OK, so we’ve looked at what a UPS is, what it does, and some of the different forms a UPS system can take.
Before we move on to other topics, I wanted to cover the major components of a modern, online UPS – Otherwise known as a ‘double conversion’ UPS.
Aside from being the only true form of UPS – i.e. completely free from load breaks – online systems comprise the entirety of our UPS product range, so it only makes sense to explain how they actually work!
This is going to be the short, easy-to-understand version of the story – If you’re interested in the complete and (extremely) thorough version, as well as a lot more besides, I strongly recommend picking up a copy of the UPS Handbook.
The Anatomy of an Online UPS
An online UPS comprises four main parts: A rectifier/charger block, a battery, an inverter and a static switch. To see how these components fit together, have a look at the following simple block diagram.
Rectifier/Charger block– Although I’ve listed them together, the rectifier and charger can either be separate modules or combined as a single power block. They perform the same function either way, so for the sake of simplicity they are displayed in our block diagram as a single component.
The function of this combined power block is to take AC (Alternating Current) power from the mains, and convert it to DC (Direct Current) power, which is required to charge the battery. From there the charger directs power to the battery in order to maintain charge, and the rectifier provides a stable DC current directly to the inverter, all via the DC Bus.
You’ll notice that the DC Bus didn’t get its own explanatory section in this article, and that’s because it’s simply a fancy name given to the connection between power block, battery and inverter.
During times of power outage or fluctuation (typically outside +10% to -20% of normal) the charger shuts down, and the battery provides DC power to the inverter instead.
Battery– As previously discussed in the article on battery maintenance, most UPS systems (ours included) utilise lead-acid batteries. Since we’ve already covered the inner workings of UPS batteries I won’t bore you with it again – If you haven’t already, I’d suggest following the link and having a quick read.
Inverter– The inverter provides the second half of our double conversion process, by converting DC power from the rectifier/battery back to AC power. We needed DC power to charge the battery, but it’s AC power that’s required by your critical loads, so this secondary conversion process is vital.
One of the main benefits of an online UPS is that it provides the greatest level of protection to your critical load from power ‘events’ such as spikes, sags, surges, electrical noise, and so on. This is because, unlike the other types of UPS described in our last article, all of the power supplied to your critical load has been routed through the UPS, and thus undergone the double conversion process from AC to DC and then back to AC.
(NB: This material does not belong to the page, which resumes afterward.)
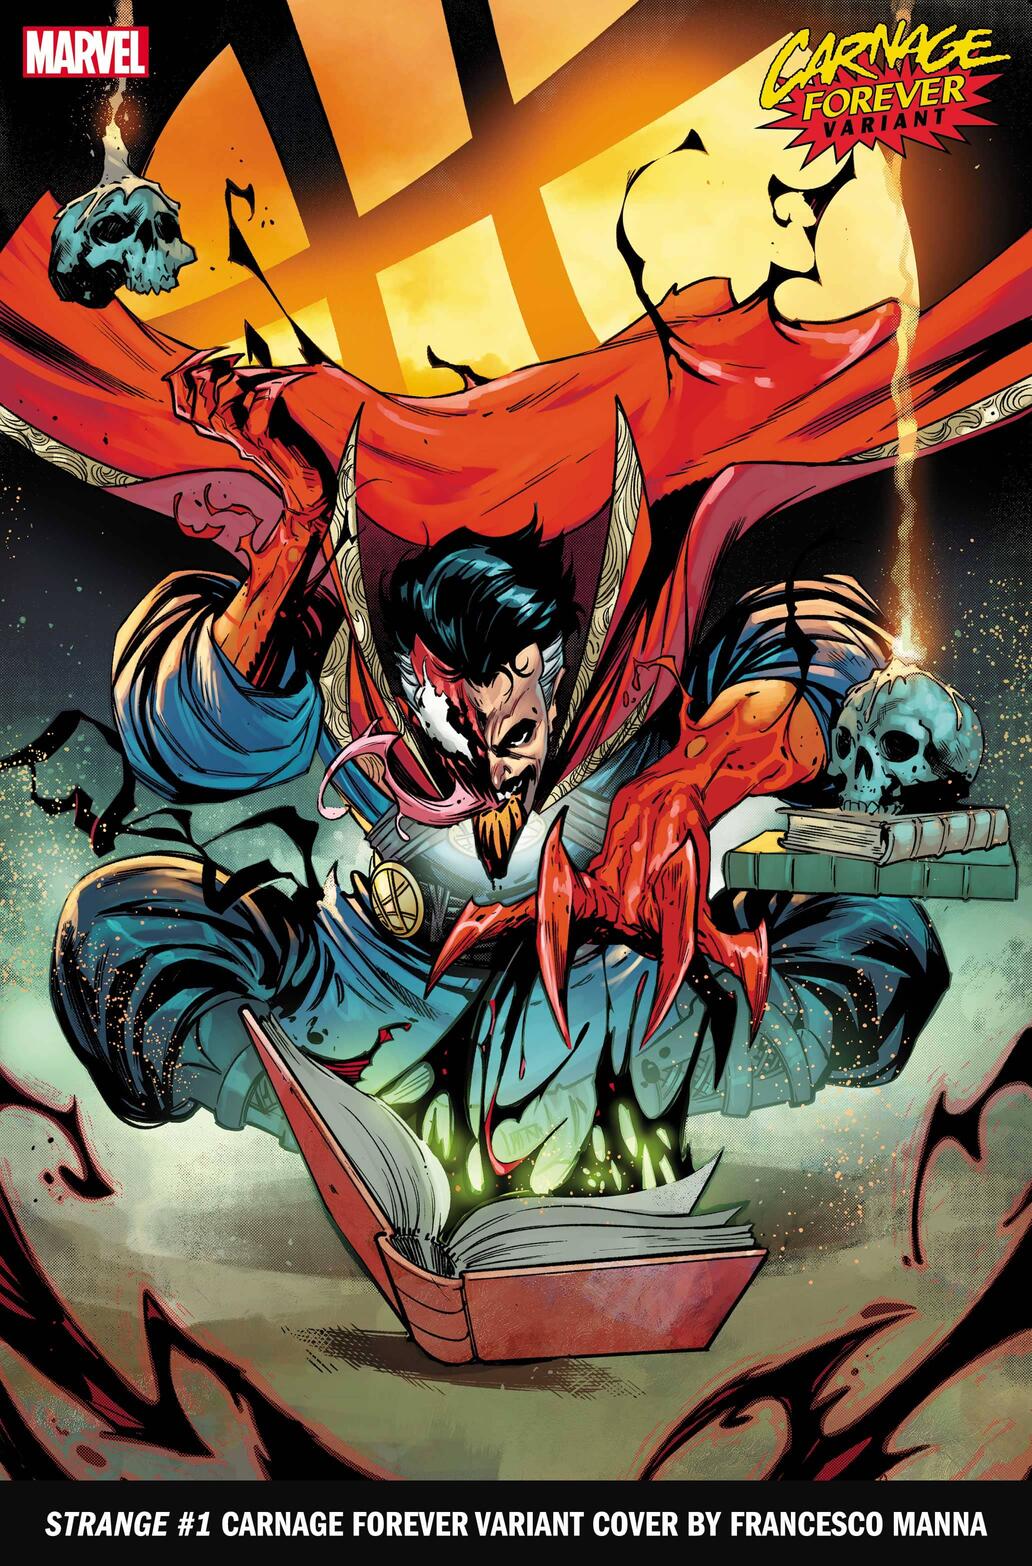 Carnage infecta a Doctor Strange en la última serie variante de Marvel
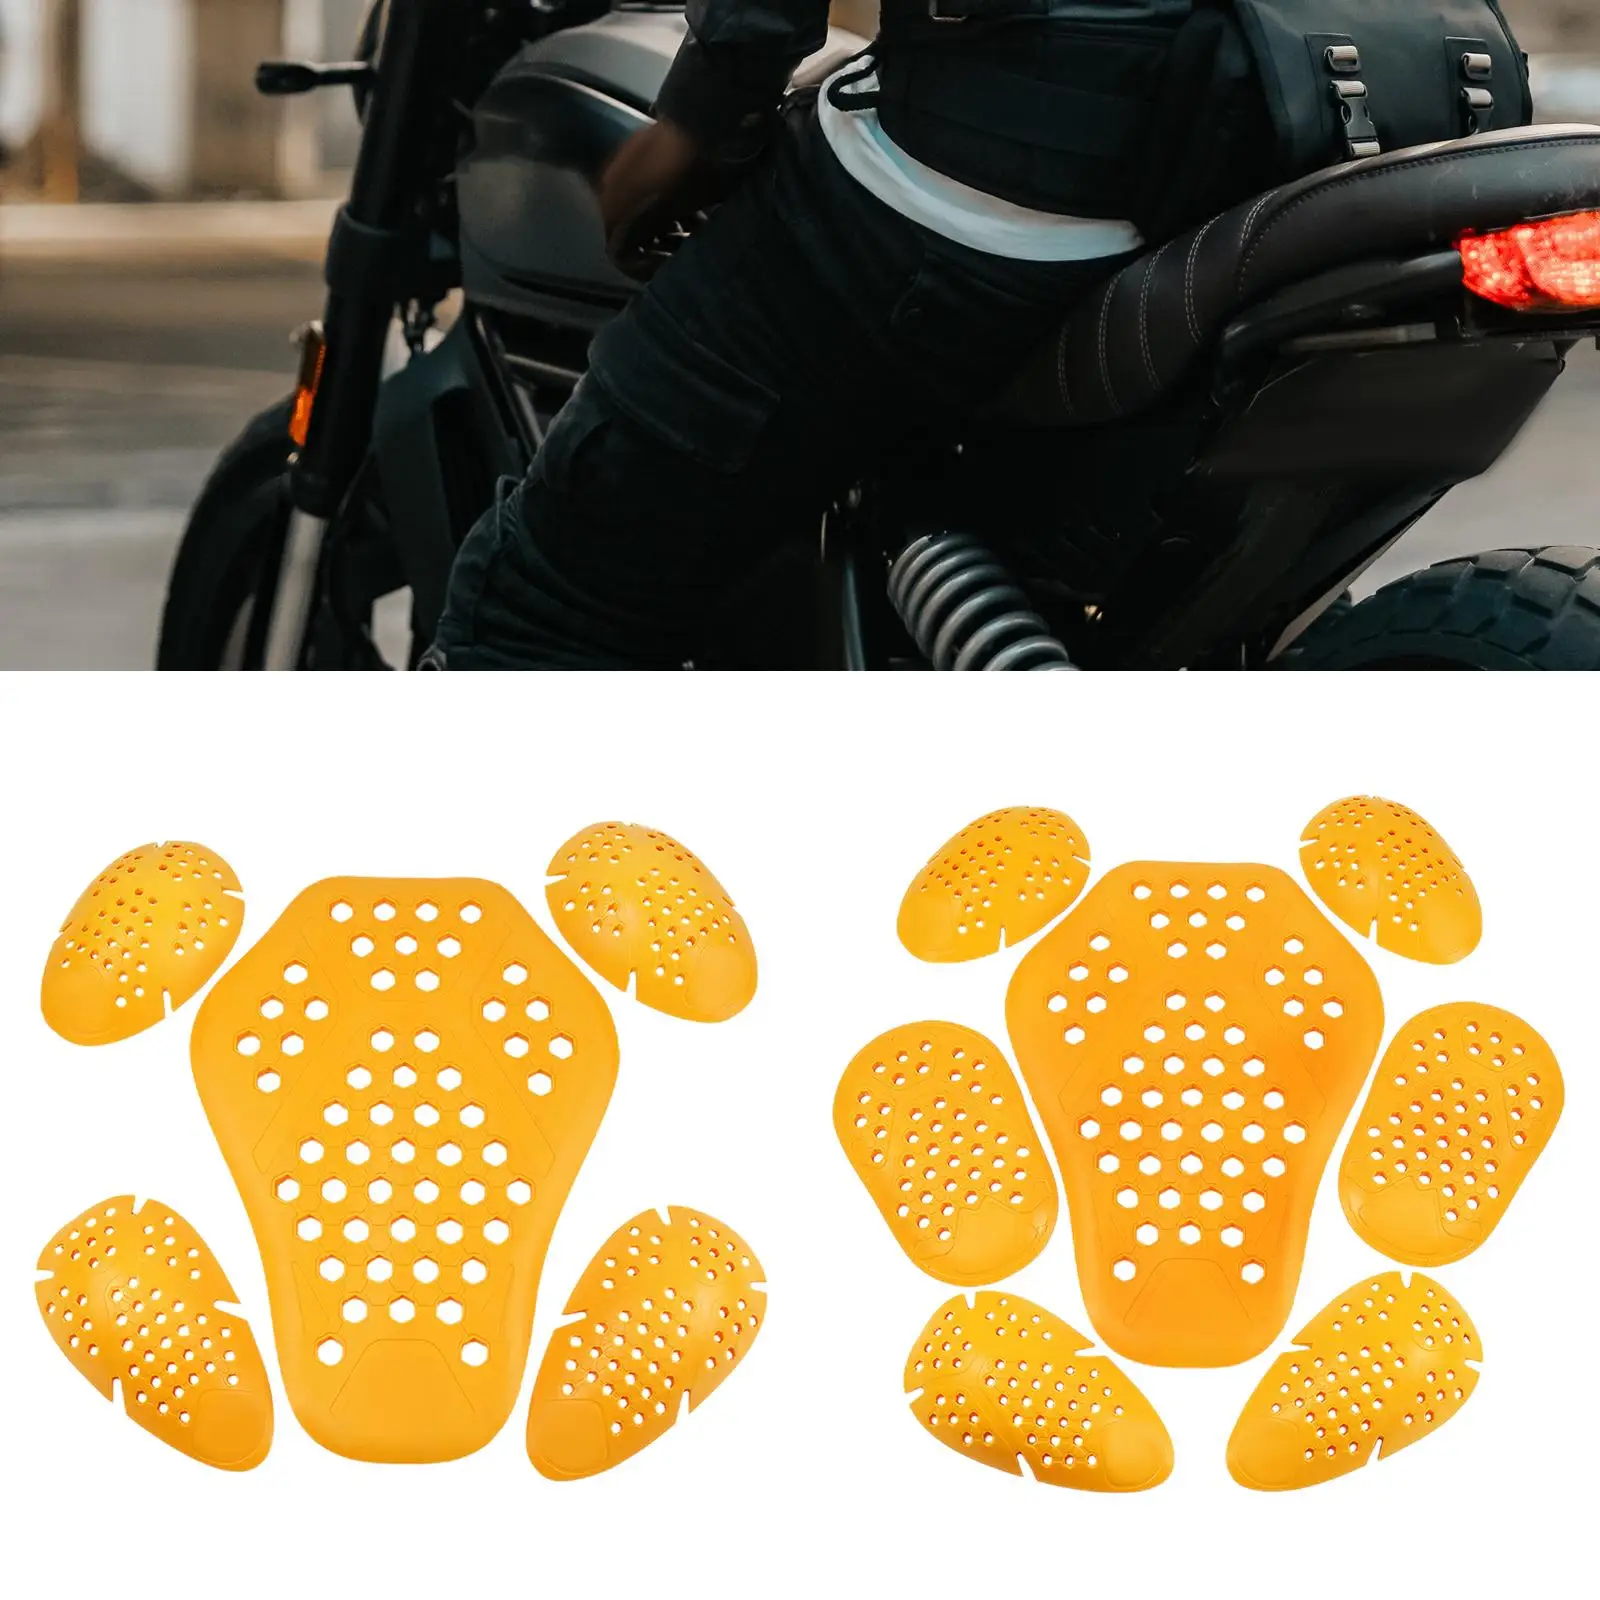 Motorcycle Jacket  Motorcycle Jacket Liner Moto Accessories Motorbike

Static Switch– Of course, there is one scenario we haven’t discussed yet, and it’s a particularly important one to consider when implementing an online UPS.
We know what happens when there’s a power failure, but what happens if there’s a UPS failure? With an online system, all power to your critical load comes via the UPS… so if that fails it’s going to be just like having a power failure without a UPS, right?
Well thankfully not, and that’s down to the static switch.
The switch has two modes; by default the switch will accept AC power from the UPS, but it also has the option to accept AC power directly from the mains, or ‘bypass’.
Switching over to mains power is far from ideal, so in the event your critical loads are transferred to raw mains power it will be accompanied by an alarm or warning condition to ensure the UPS issue is resolved as quickly as possible.
Keeping Bypass to a Minimum
When I say that switching over to raw mains power is far from ideal, I’m not being flippant.
If you think back to my earlier article explaining the function of a UPS, you’ll recall that protecting against power disturbances is one of the most important functions of a UPS.
During periods of UPS failure, this vital task is foregone.
Our fancy UPS is temporarily relegated to little more than ornamental status.
This is why uptime is so important. At KUP we’re proud to say that our standalone solutions offer 99.999% (five nines) uptime, with an amazing 99.9999% (six nines) in the case of our modular systems.
To put that in terms that are easier to understand, our modular systems boast an average of just 31 seconds downtime per year, or more than six minutes over an average 10-year service contract. Standalone systems follow-up with an impressive average of just over five minutes downtime per year, or under an hour during the course of the same 10-year contract.
Of course these are simply averages – I’m not suggesting that a UPS system failure can be resolved in mere minutes. Technology has come on a lot in recent years, but we’re not quite there yet.
The time taken to resolve a modular UPS failure is substantially lower than with a standalone UPS, and it is often possible to repair or replace individual modules without ever needing to switch over to bypass power.
It is for these reasons that Kohler Uninterruptible Power Ltd. have increasingly recommended modular systems to our clients in recent years.